Retype each line of the material exactly, please, skipping any picture in it.

== Material provided ==

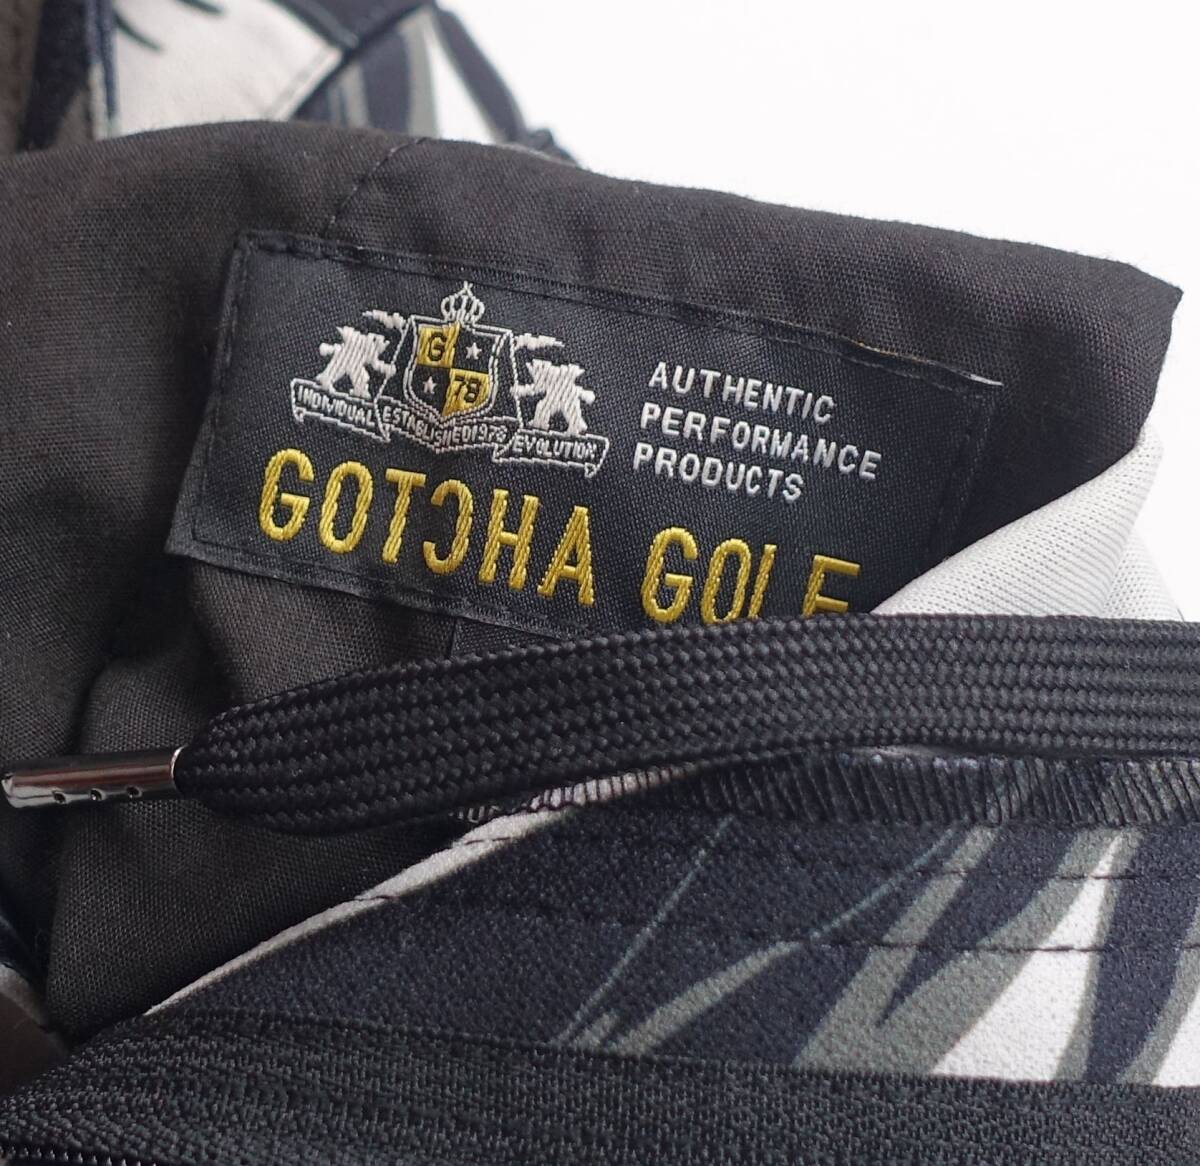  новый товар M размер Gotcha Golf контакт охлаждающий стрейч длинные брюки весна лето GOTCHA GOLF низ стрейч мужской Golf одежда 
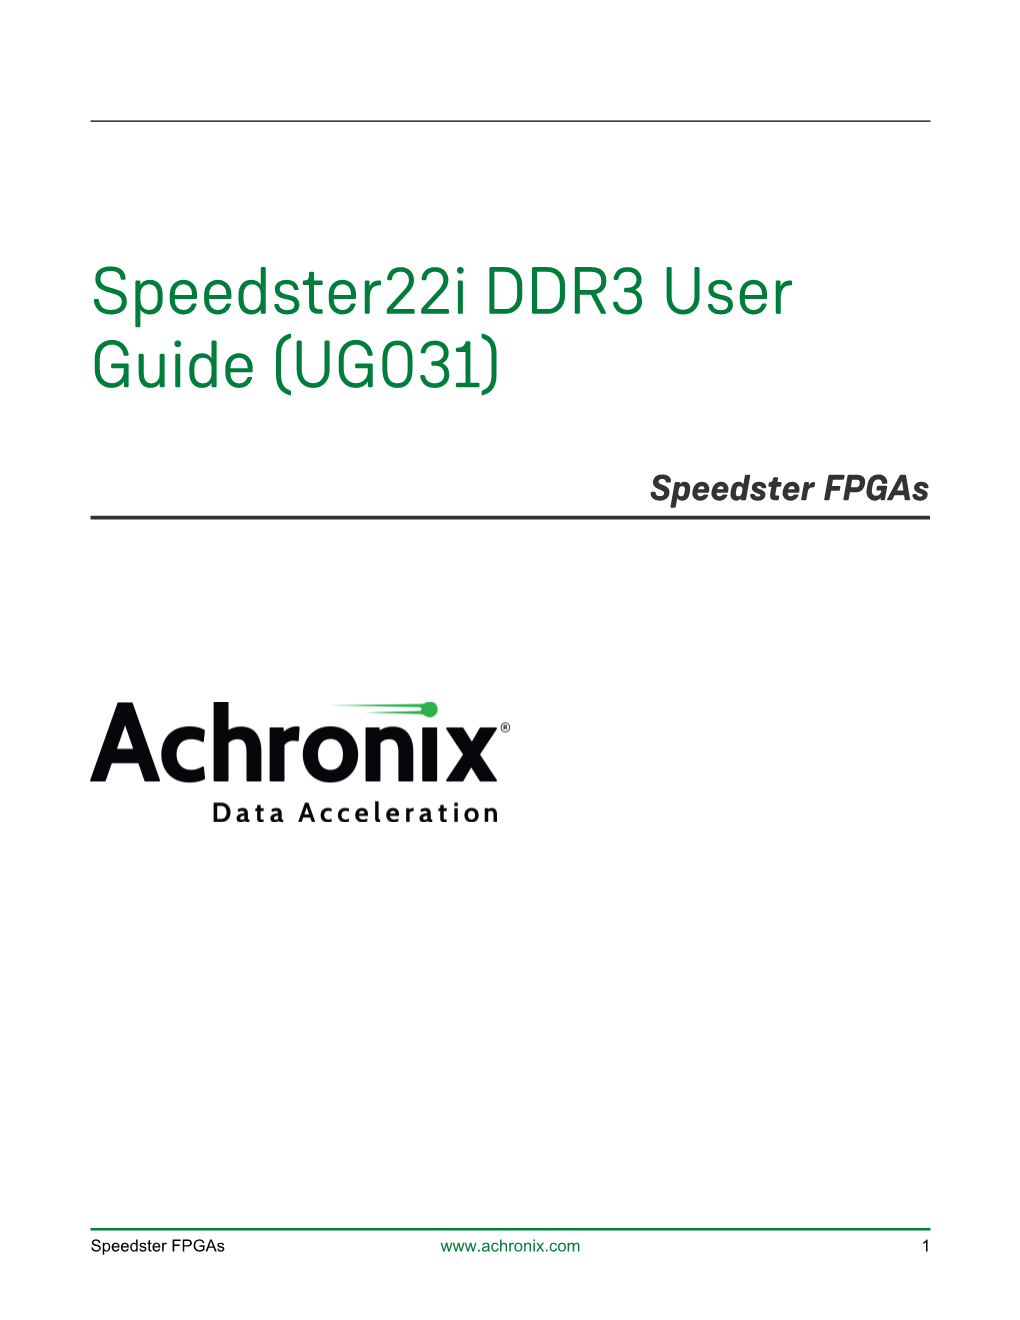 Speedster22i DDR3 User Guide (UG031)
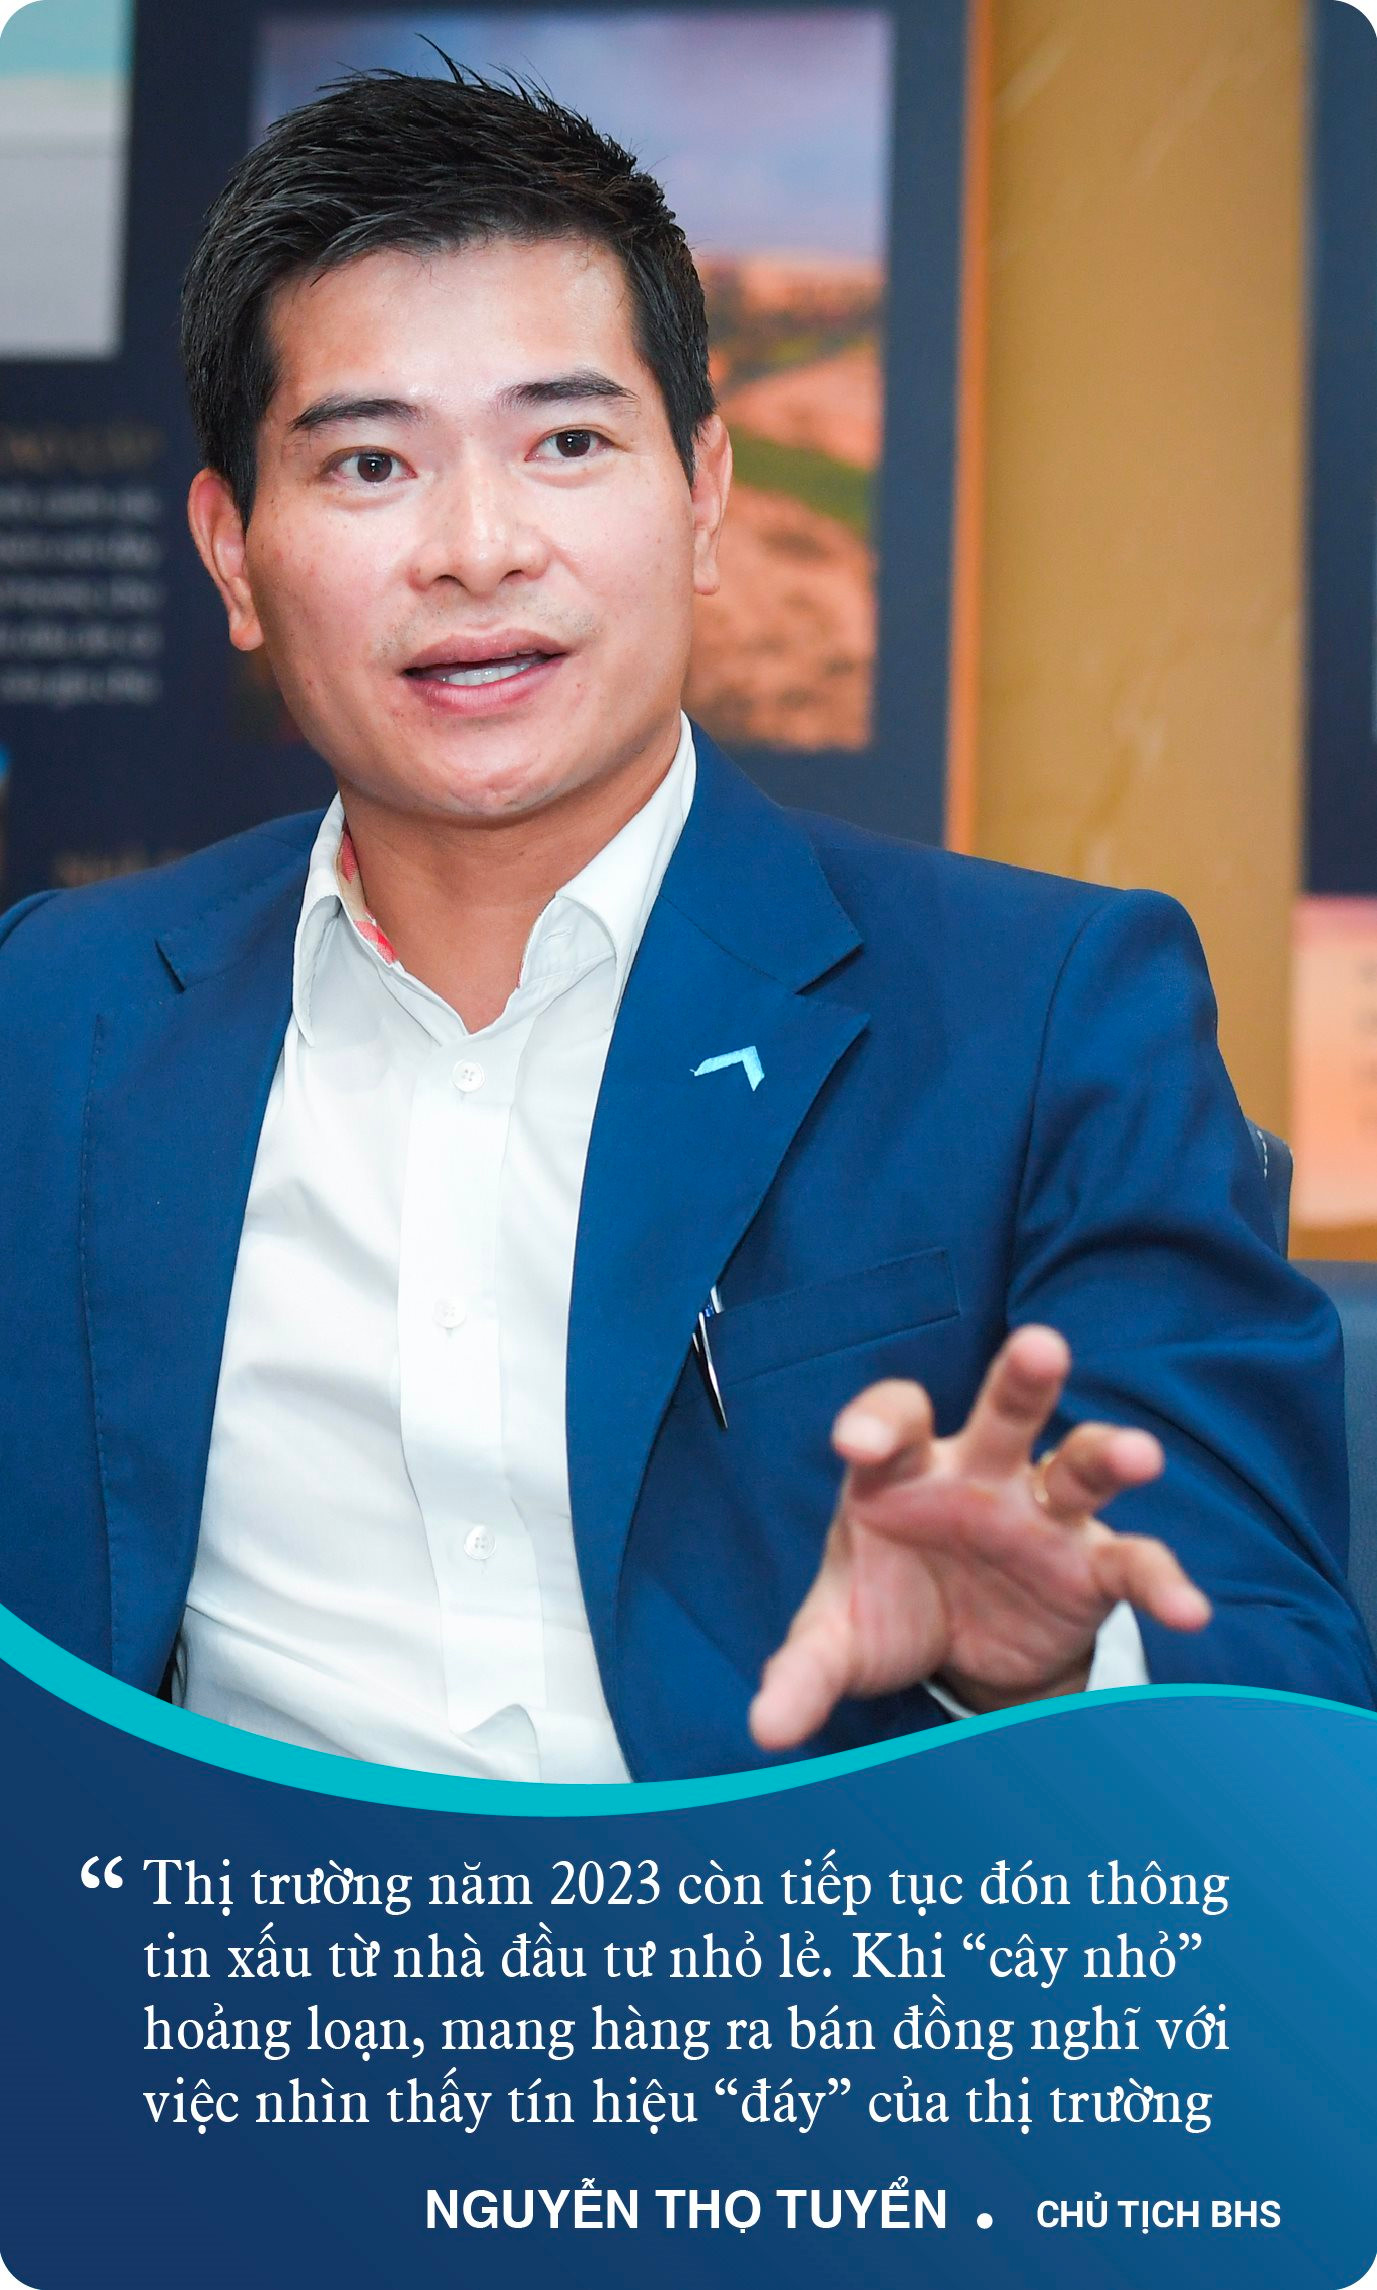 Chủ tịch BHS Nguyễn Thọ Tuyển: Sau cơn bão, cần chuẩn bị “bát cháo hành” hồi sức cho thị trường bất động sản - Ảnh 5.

===

Response
  новый товар M размер Gotcha Golf контакт охлаждающий стрейч длинные брюки весна лето GOTCHA GOLF низ стрейч мужской Golf одежда 
 Speedster22i DDR3 User Guide (UG031)
 Chủ tịch BHS Nguyễn Thọ Tuyển: Sau cơn bão, cần chuẩn bị “bát cháo hành” hồi sức cho thị trường bất động sản - Ảnh 5.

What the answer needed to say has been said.